Below is a listing to copy exactly; no image goes into the copy.

* INFORMATION SUPPLIED *

========

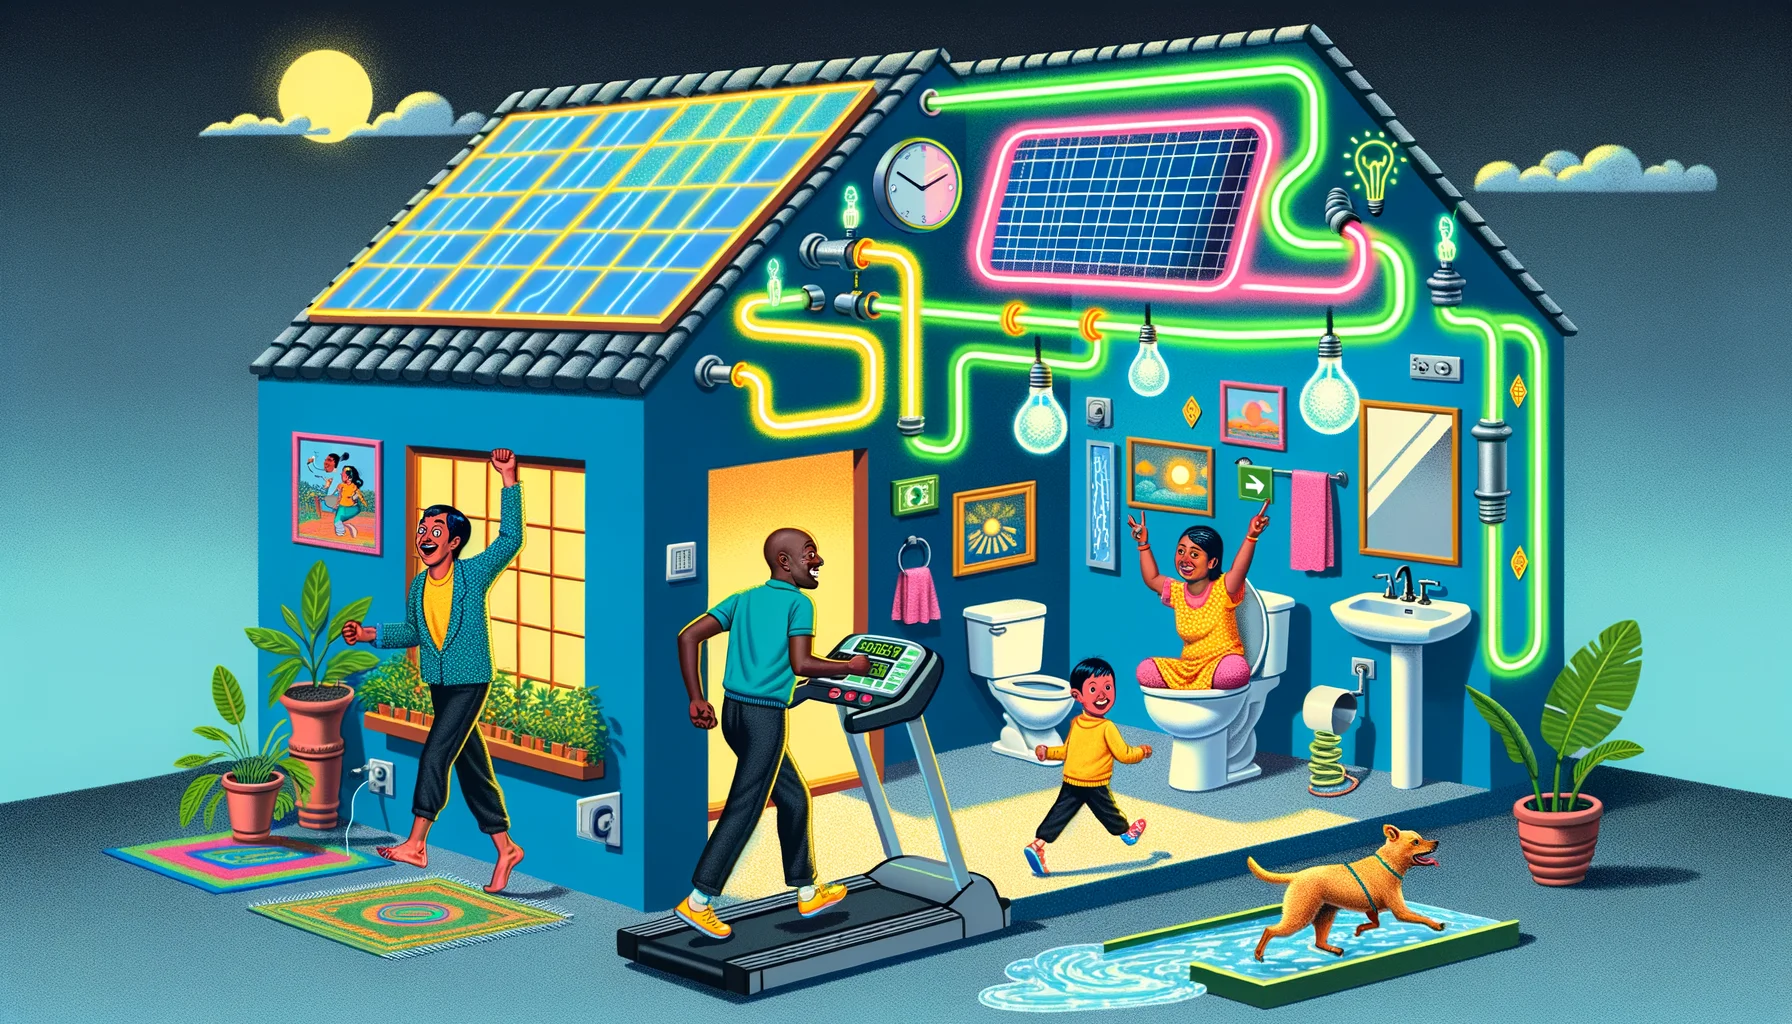 Generate a humorously depicted image on the theme of energy efficiency. In the scene, a family consisting of a Black mother, a Caucasian father, and their South Asian adopted child are enjoying an overly exaggerated energy-efficient life inside their home. Neon lights are powered by a treadmill where the dog is running. The toilet flushes with rainwater collected outside, indicated by a pipe leading from the roof. In the hallway, the family is using sun-reflecting mirrors instead of lights. On the outside, a solar panel is partially covering the roof, but it's comically shaped like a giant solar-powered cell phone charger.
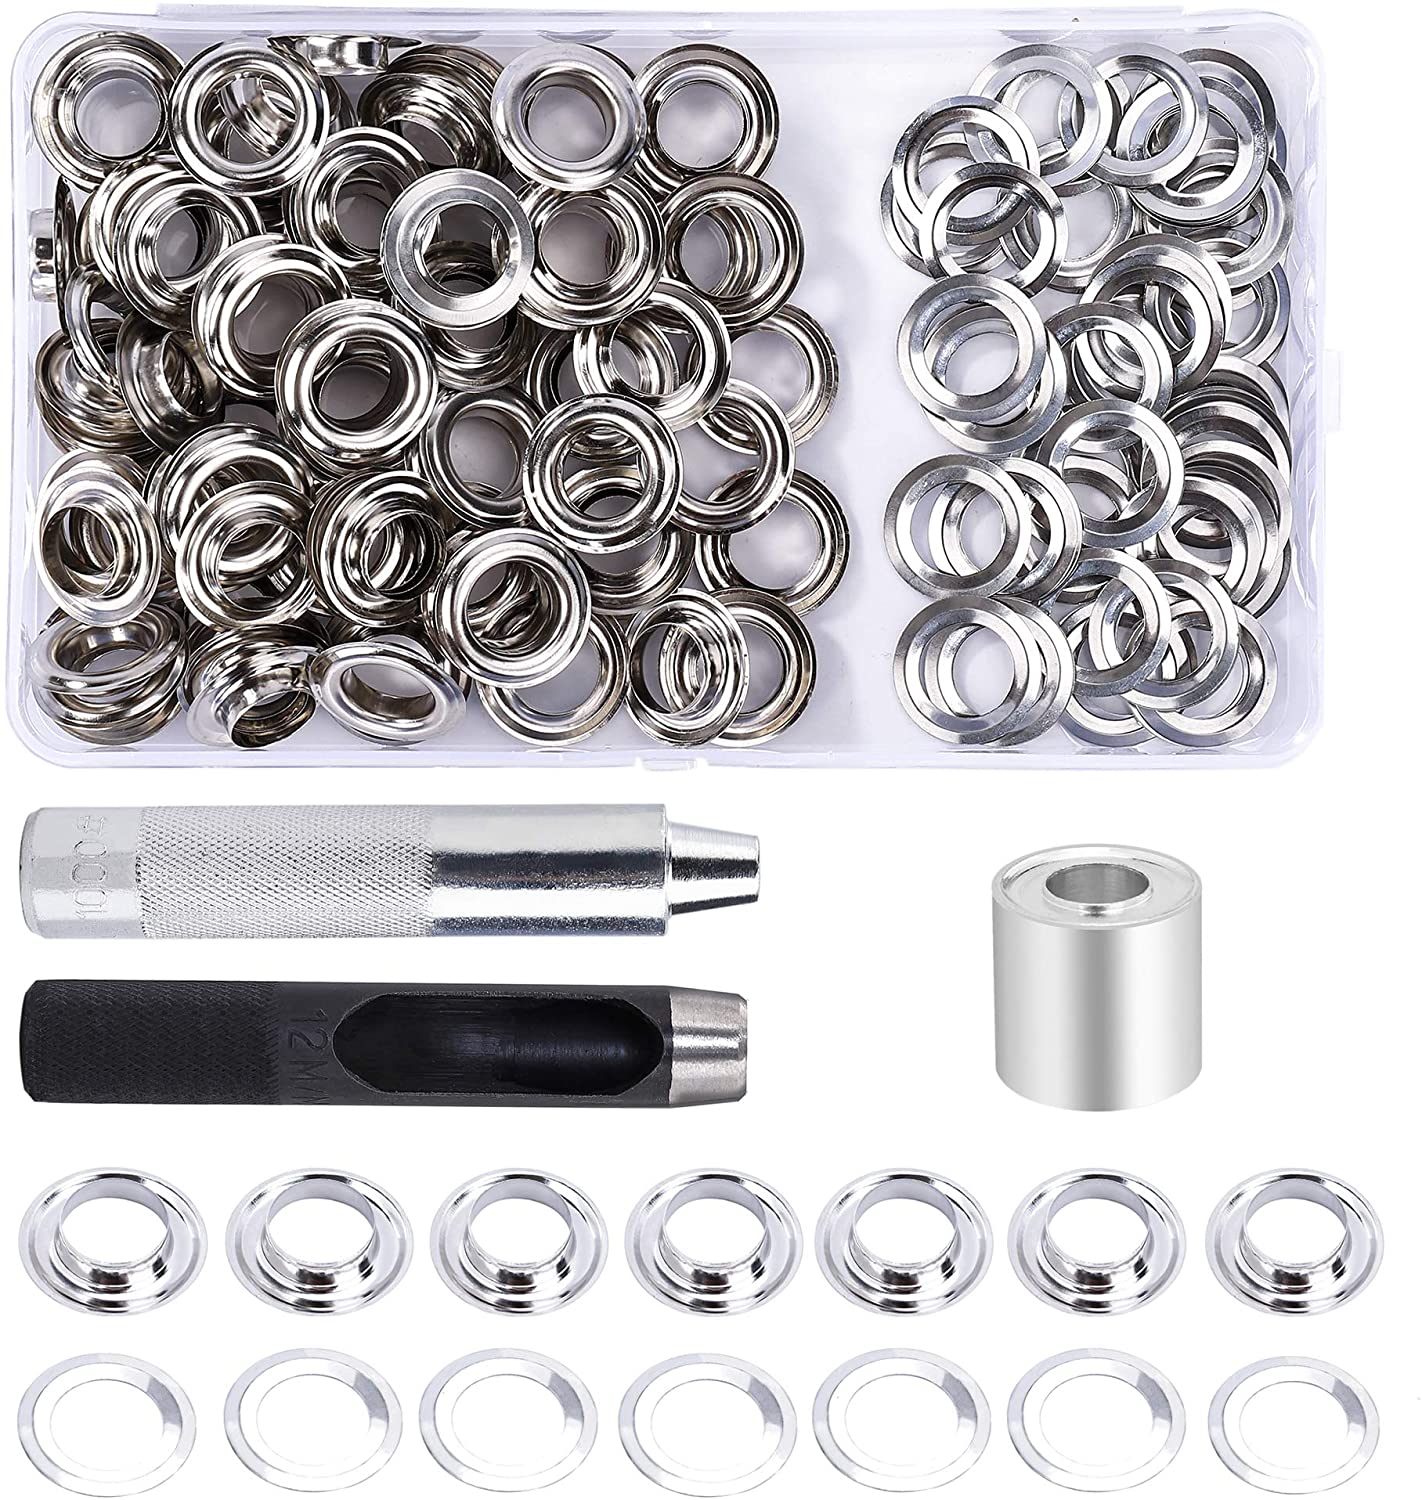 Grommet Tool Kit 100 Sets 1/2 Inch, Grommets Eyelets with 3 Pieces  Installation
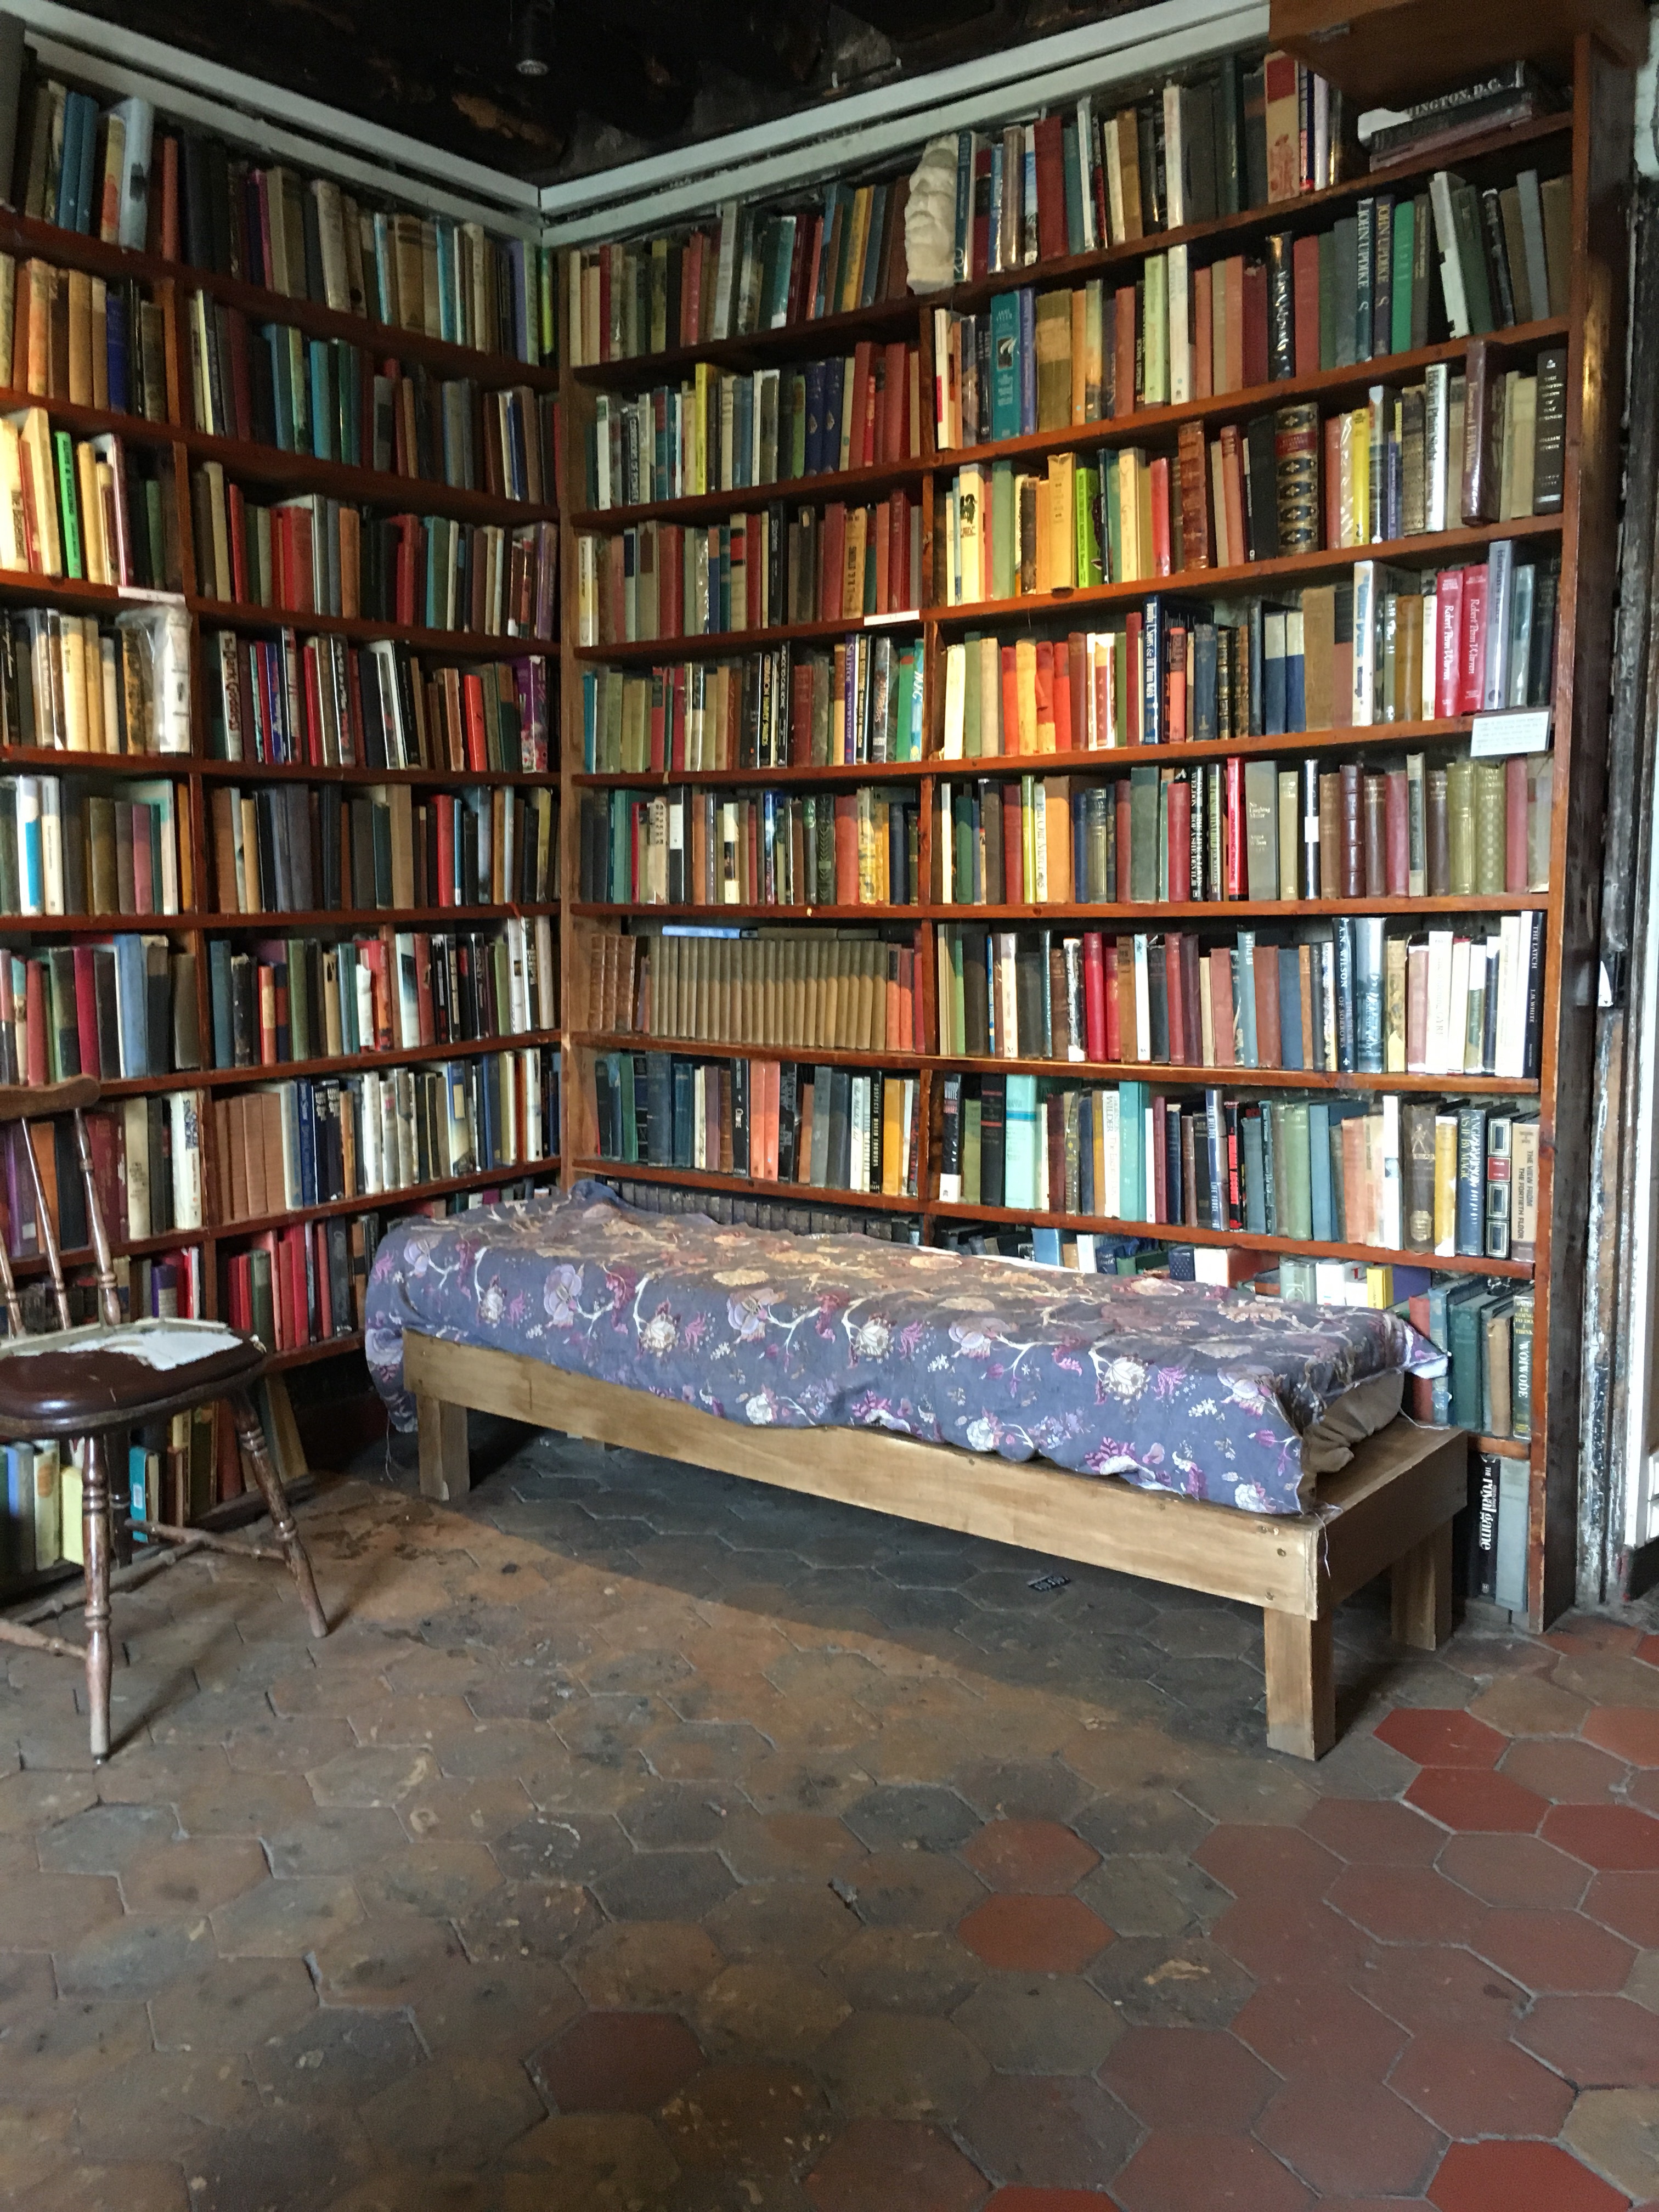 Shakespeare & Co, Paris - visitors can sleep with the books

========

* EXERCISE RESPONSE *
 Generate a humorously depicted image on the theme of energy efficiency. In the scene, a family consisting of a Black mother, a Caucasian father, and their South Asian adopted child are enjoying an overly exaggerated energy-efficient life inside their home. Neon lights are powered by a treadmill where the dog is running. The toilet flushes with rainwater collected outside, indicated by a pipe leading from the roof. In the hallway, the family is using sun-reflecting mirrors instead of lights. On the outside, a solar panel is partially covering the roof, but it's comically shaped like a giant solar-powered cell phone charger.
 Grommet Tool Kit 100 Sets 1/2 Inch, Grommets Eyelets with 3 Pieces  Installation
 Shakespeare & Co, Paris - visitors can sleep with the books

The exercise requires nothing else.